Sullivan's nose was broken while he was guarding former teammate Edwin Babadjanian during a practice. Babadjanian later was thrown off the team after an unrelated confrontation with an assistant coach.

The problems seem to stem for several issues. One of the most prominent is a perceived rift between the team's Armenian contingent and the other players. The groups' impressions of each other were not helped when several Armenians, including leading scorer Abramyan, skipped practice. Another group of players skipped the next day's practice in protest.

"It's like a mini-racial thing," said Abramyan, adding he has not skipped practice again because he felt bad.

Abramian, the team's most-talented player and one of its most enigmatic, is Armenian but is also good friends with team members of different backgrounds. He is especially close to team captain Jeff Bissell, who is white and a graduate of Agoura High.

"There are the Armenians and the other guys and I'm kind of like stuck in the middle," Abramian said. "In practice, half of them shoot on one side of the pool and half shoot on the other."

Abramian, a former member of the U.S. junior national team, could help by taking on a leadership role. However, he prefers to remain a force during matches and an indifferent participant in practice.

"When the team first started practice, everyone was looking to me to be a leader. . . . but I didn't want that," Abramian said. "I want to be the go-to guy in games but I don't want everything that goes with it, the responsibility."

It is Krauss' responsibility to try to mold Valley's unlikely cast of characters into some sort of cohesive unit, with or without leaders in the pool.

"I found out I had to set down the rules of how to play team water polo and go over them again and again," Krauss said. "We've had lots of team meetings and talked about how to get along. Believe me, I haven't solved that yet."

Players say Krauss earned a measure of respect by dispatching Babadjanian and by not allowing Abramian to play after he missed workouts.

"I think I know more than Bill does about water polo, but he surprised me," Abramian said. "I missed workouts and I didn't expect him to call up and tell me I couldn't play [in matches] but he did. I gained a little respect for him."

After making those comments last week, Abramian missed two workouts last week and did not start in the Monarchs' 16-9 victory Wednesday over Pierce.

While Abramian doubts Krauss' tactical savvy, his friend Bissell is fully behind the coach. His voice takes on an angry tone when he discusses the way some team members pointedly ignore Krauss' instructions.

"I've never seen a coach treated the way Bill's been treated," said the 21-year old Bissell, whose high school coach played for Krauss. "Bill knows a hell of a lot about water polo but he's been blown off by a couple of people and I don't think that's right."

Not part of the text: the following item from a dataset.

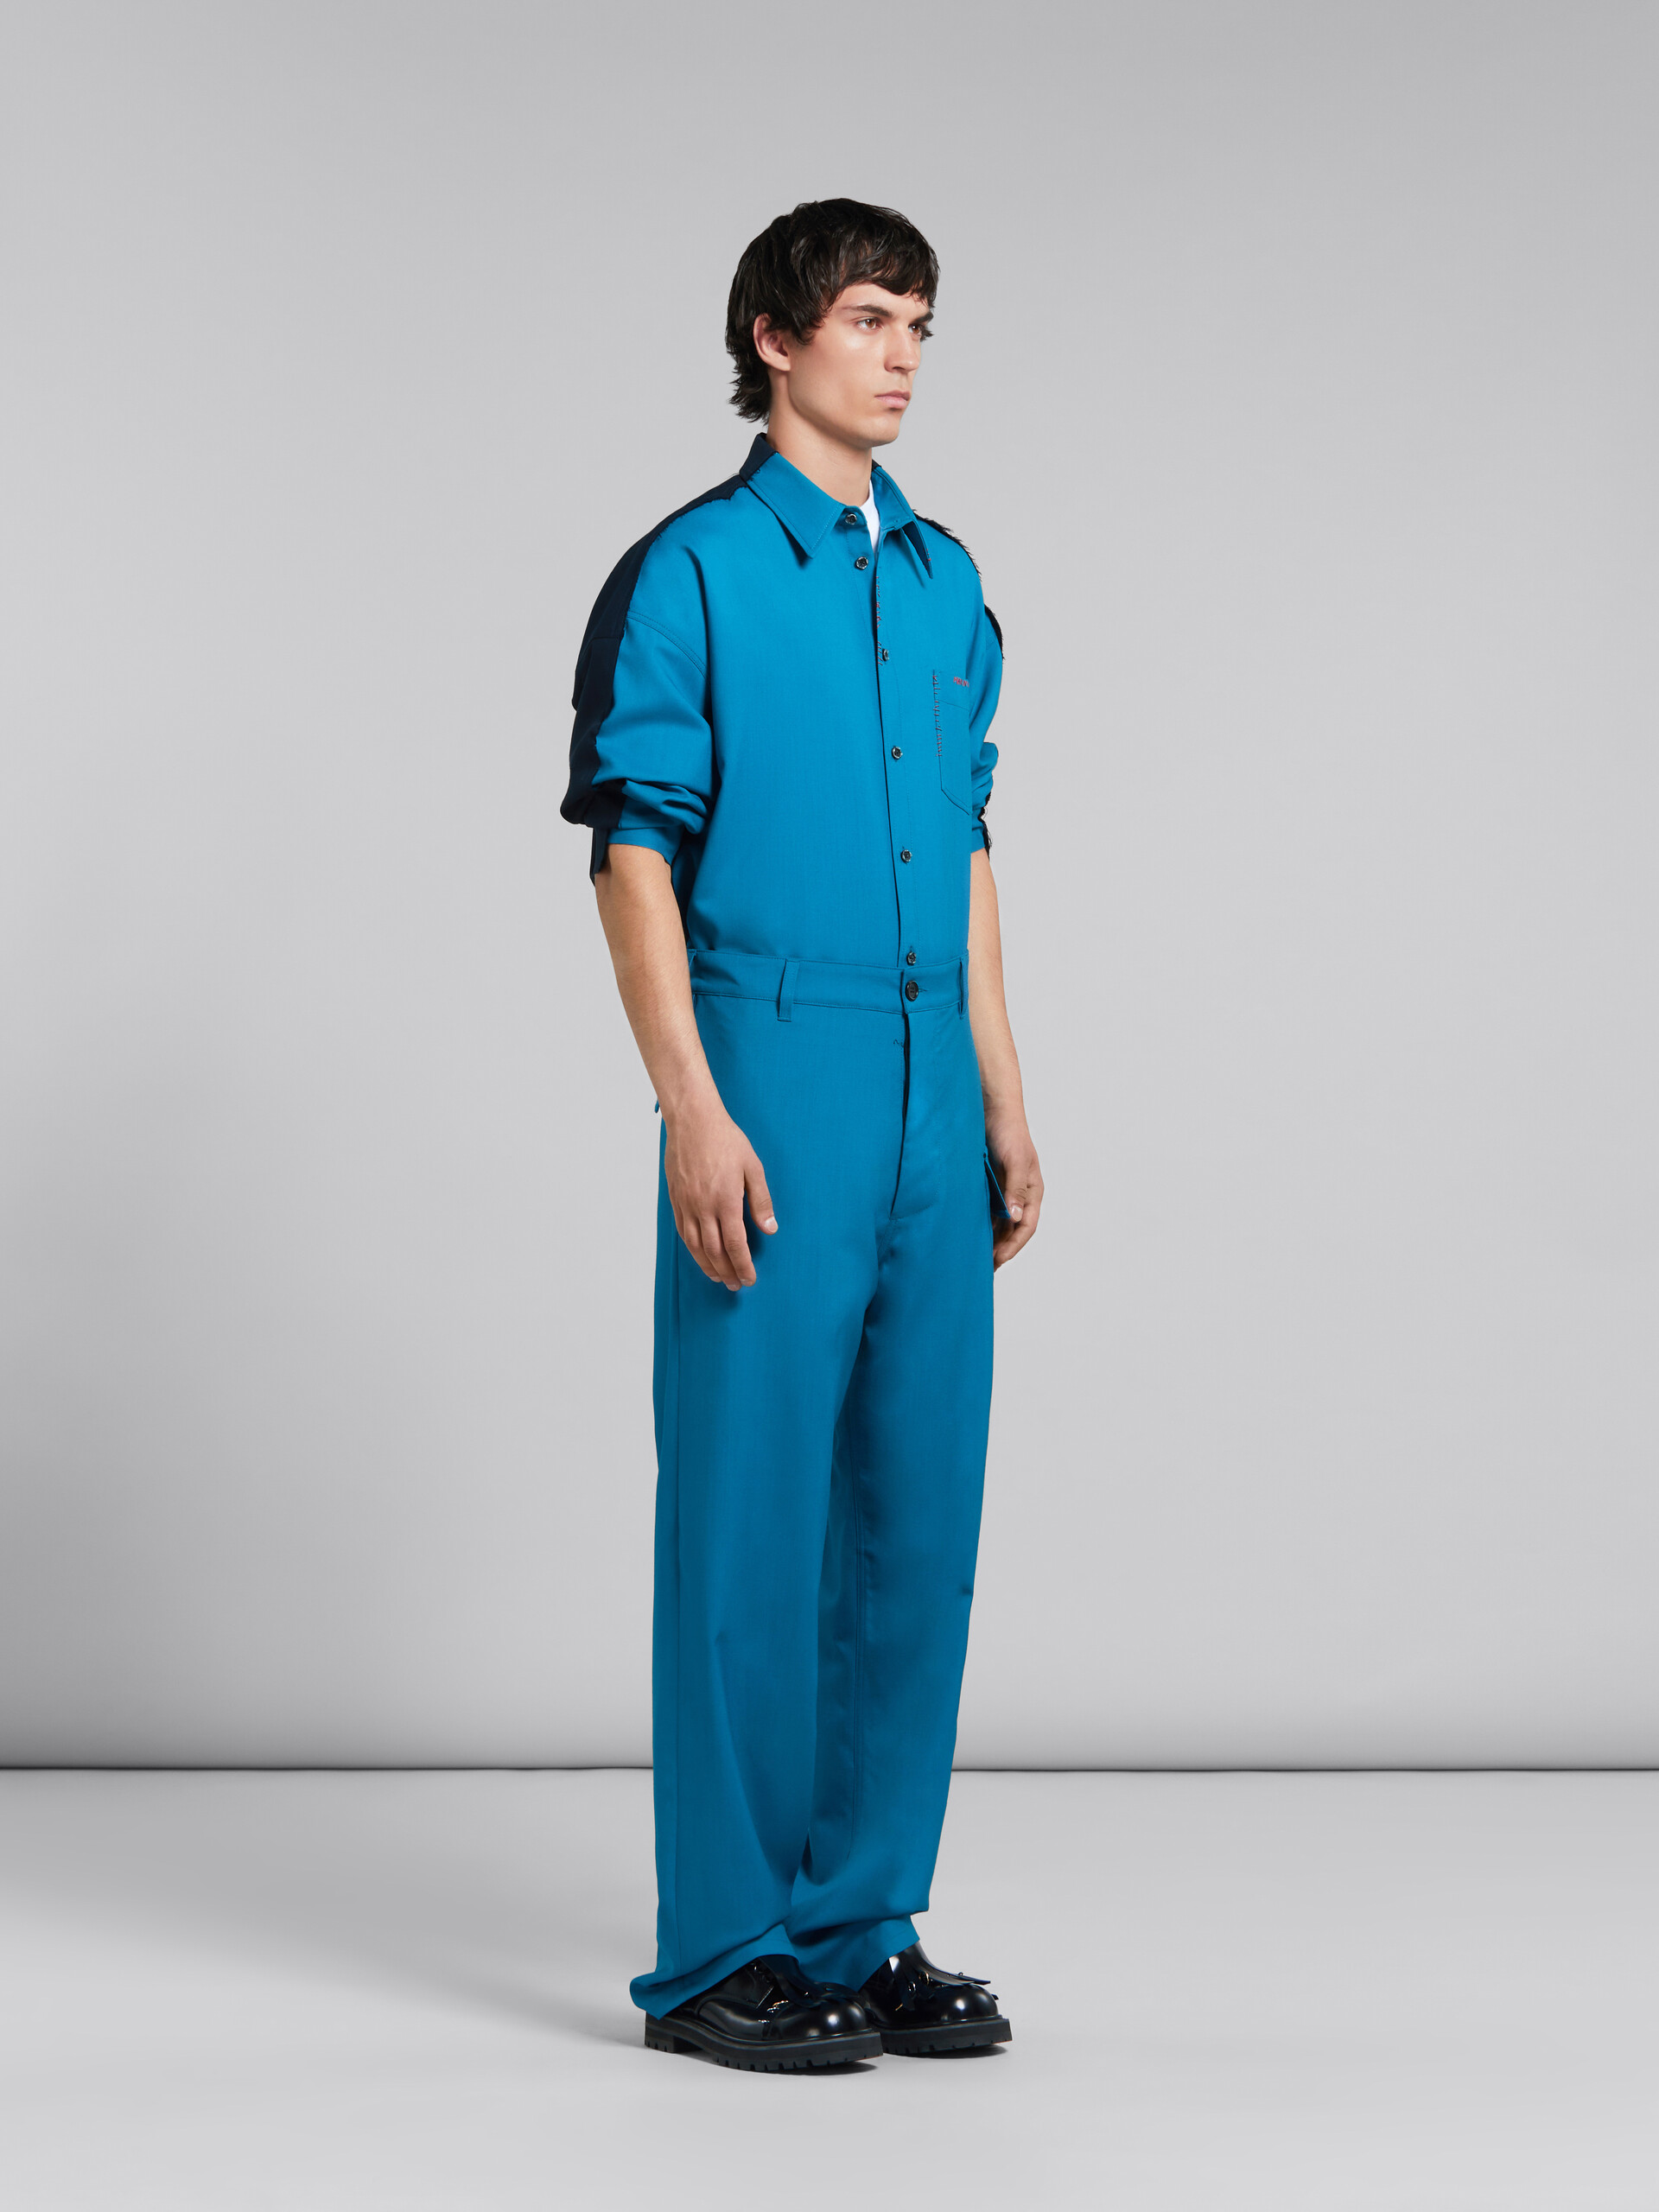 Blaugrüne Hose aus Tropenwolle mit Utility-Tasche - Hosen - Image 5

Krauss remains upbeat and says the season's turmoil has not diminished his desire to coach.

"It has been a more-demanding year than others but just because I have a few kids who are giving me trouble doesn't mean I don't love it anymore," he said. "There's a lot of coaches who would have had some of these guys gone right away. That's not my style."


Bissel believes the Monarchs can overcome their internal divisions and fulfill their potential.

"I see the different groups on our team, but not when we're playing," Bissell said. "Then it's just three white guys and three Armenian guys and we just play together."

Amiryan, the goalie, says the team is improving, both in play and social relations.

"The more we play the more we get into it," he said. "I'm sure that by the end of the year we will have a great team. We will be a united talent."